As you can see from the above print, finally the measured value converges to -1.

Note:

(1) The Adam module updates the gradient by the adaptive moment estimation algorithm, which can optimize the parameters in Ansazt, and the input is the trainable parameters in the neural network; the general format is as follows: nn.Adam(net.trainable_params(), learning_rate=0.5) ;

(2) The TrainOneStepCell module is a network training package class that wraps the network with an optimizer. The resulting cells are trained with the input “inputs”, an inverse graph will be generated in the constructor to update the parameters, and there are different parallel modes available for training. The general format is as follows: nn.TrainOneStepCell(network, optimizer, sens=1.0).

## Result Presentation¶

Since the measurements have converged to -1, we can print the parameters in Ansatz at this time.

```
theta0, theta1 = QuantumNet.weight.asnumpy()
print(QuantumNet.weight.asnumpy())
```

```
[ 2.2420275 -1.0756909]
```

As can be seen from the above printing, the parameters \(\theta_1\) and \(\theta_2\) in Ansatz at this time are 2.2420275 and -1.0756909 respectively.

By `get_qs`

, the quantum state of the quantum circuit at the optimal parameters can be output.

```
pr = {'alpha0': alpha0, 'alpha1': alpha1, 'alpha2': alpha2, 'theta0': theta0, 'theta1': theta1}
state = circuit.get_qs(pr=pr, ket=True)
print(state)
```

```
(0.37129760050057437-0.9285139157007681j)¦0⟩
(1.4564552975271372e-05+6.455516706194153e-07j)¦1⟩
```

As can be seen from the above printing, this is the quantum state of the quantum circuit at the optimal parameters. As can be seen from its numerical representation, this is a state close to the target state \(|0\rangle\). Finally, we calculate the fidelity of this quantum state to the target state \(|0\rangle\) (to verify how similar the two quantum states are), and print the fidelity.

```
state = circuit.get_qs(pr=pr)
fid = np.abs(np.vdot(state, [1, 0]))**2 # Fidelity is the modulus square of the absolute value of the vector inner product, that is, the modulus square of the inner product of the vector corresponding to the quantum state and the vector [1,0] corresponding to the |0> state at this time is calculated.
print(fid)
```

```
0.9999999997874571
```

It can be seen that the fidelity at this time is 100.00%, that is to say, the similarity between this state and the target state \(|0\rangle\) is 100.00%.

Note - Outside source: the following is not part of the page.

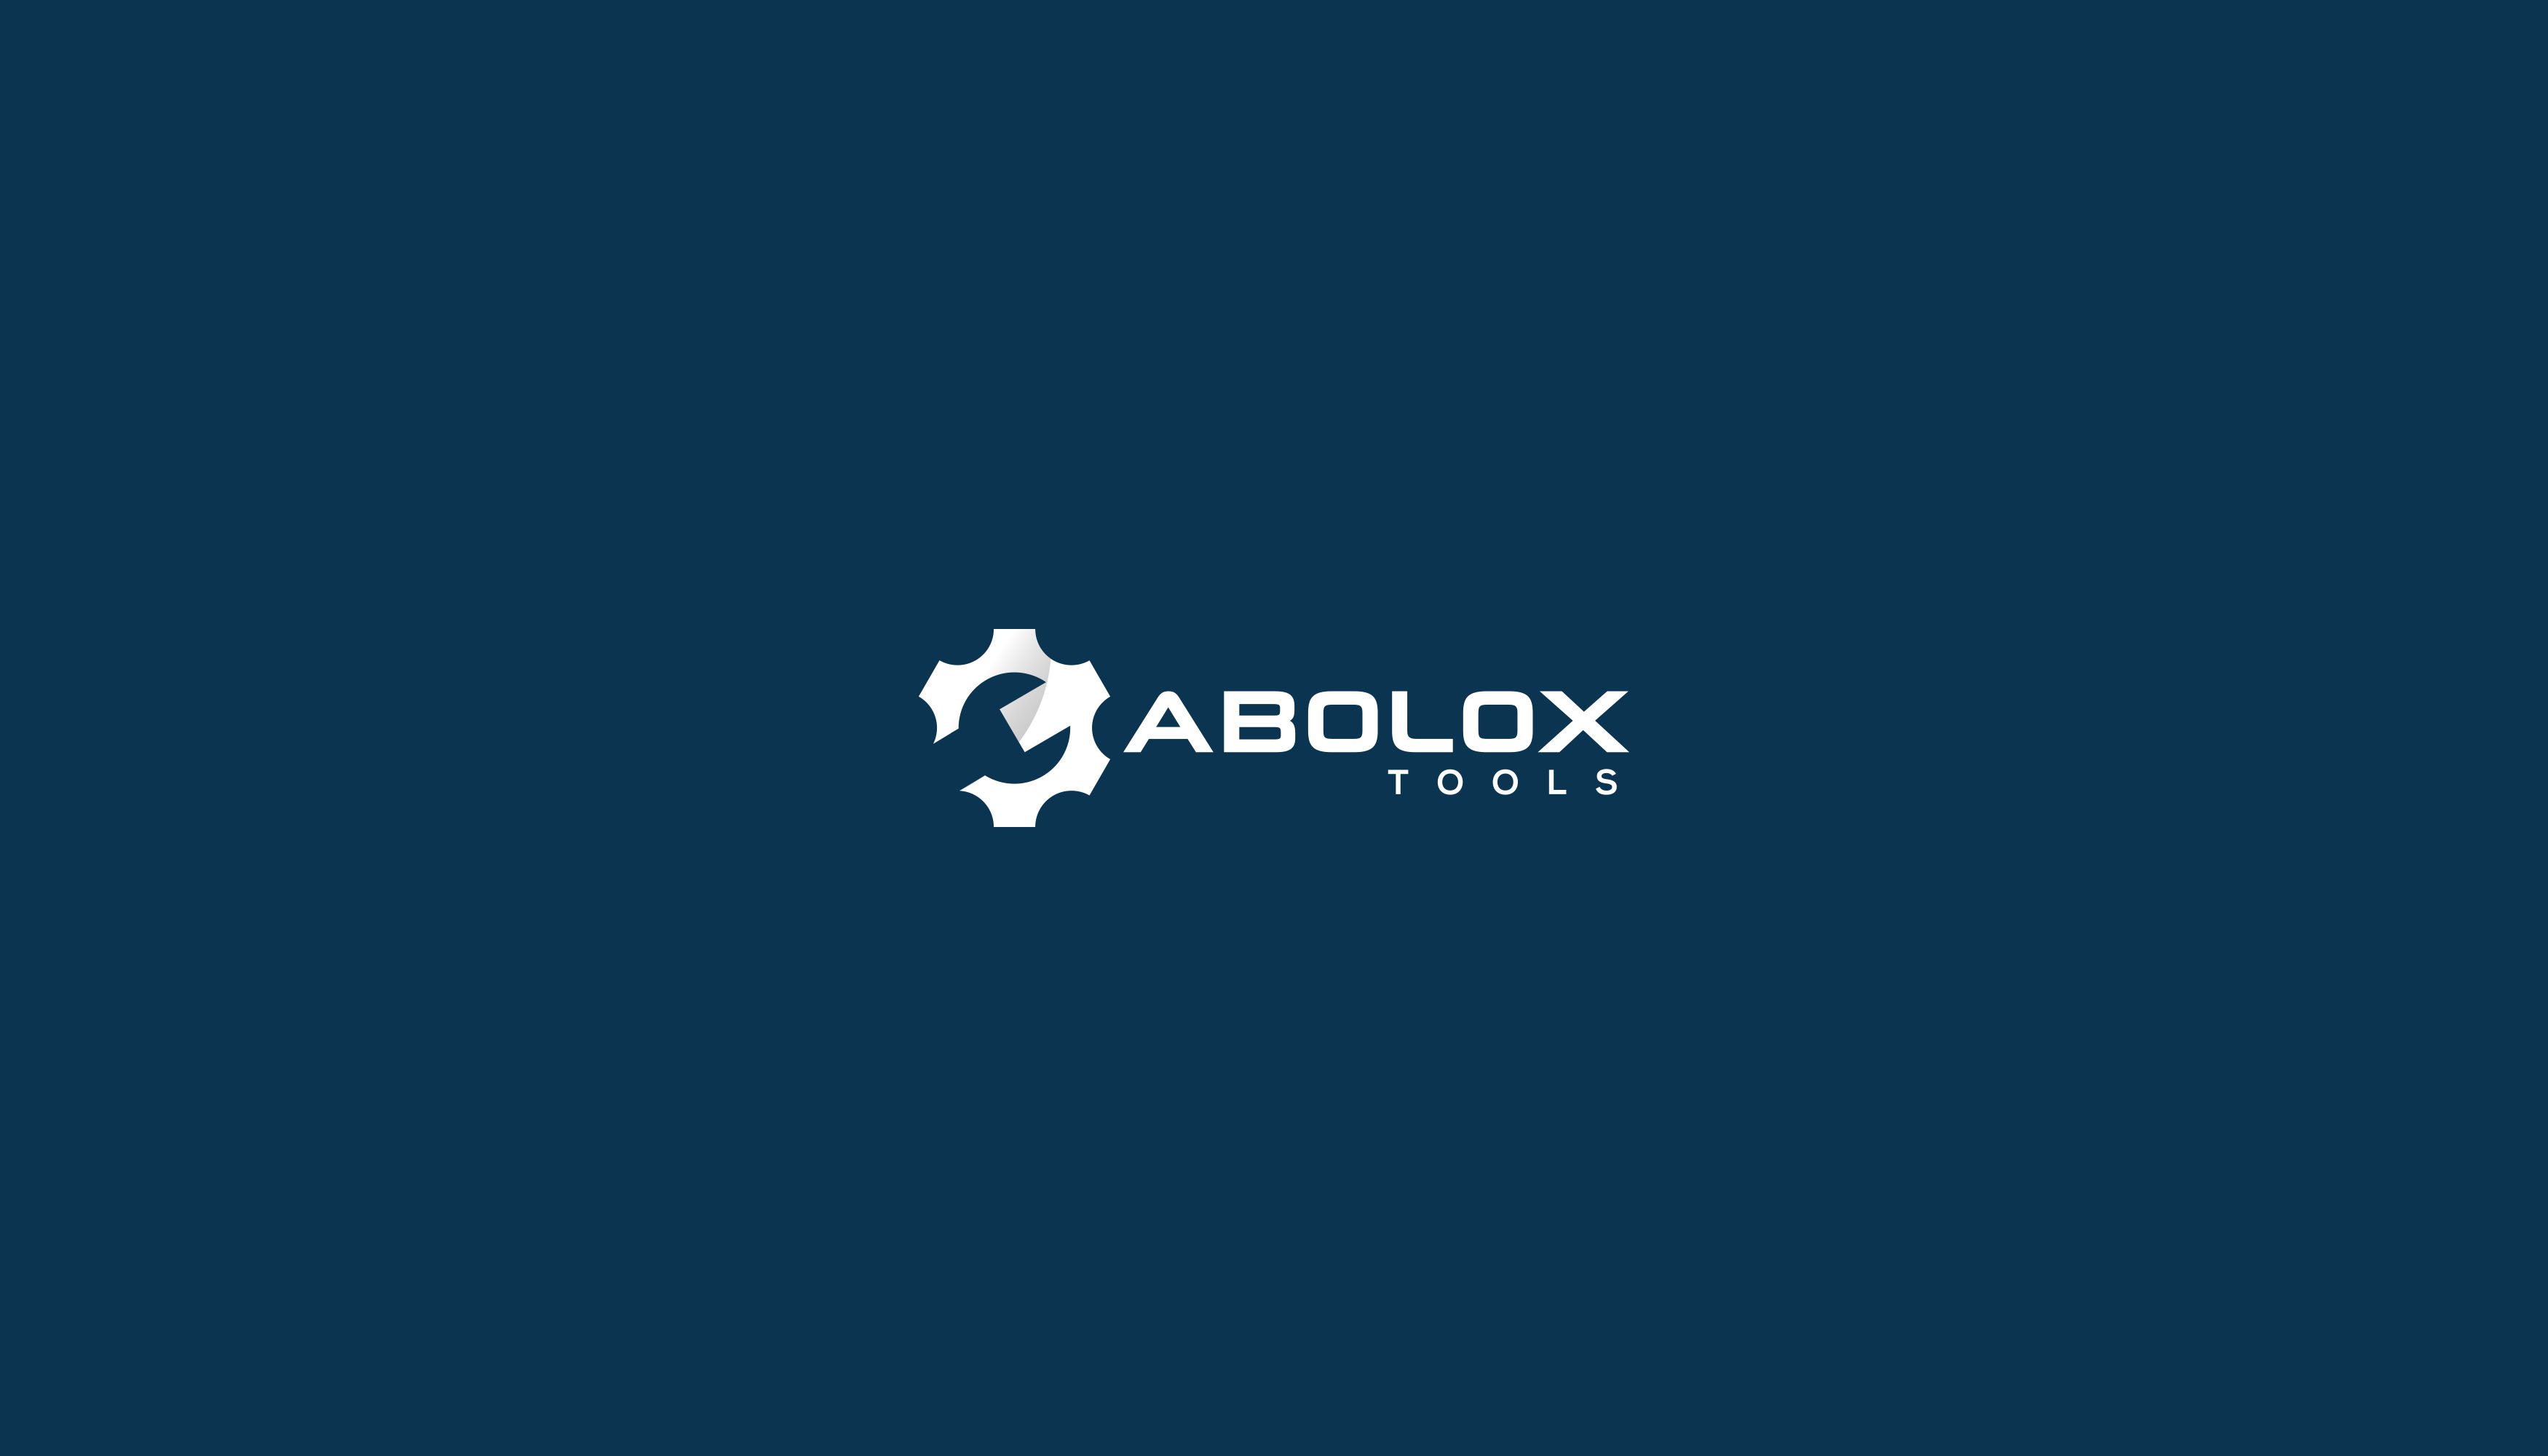 Abolox Tools Design #6

To sum up, we built a simple quantum neural network. By training the parameters in Ansatz, the error generated by the Encoder on the initial quantum state was offset, so that the final quantum state was still \(|0\rangle\), and the fidelity reached 100.00%.

So far, we have completed the first experience of quantum neural network by MindQuantum! Hurry up and experience the fun of quantum programming!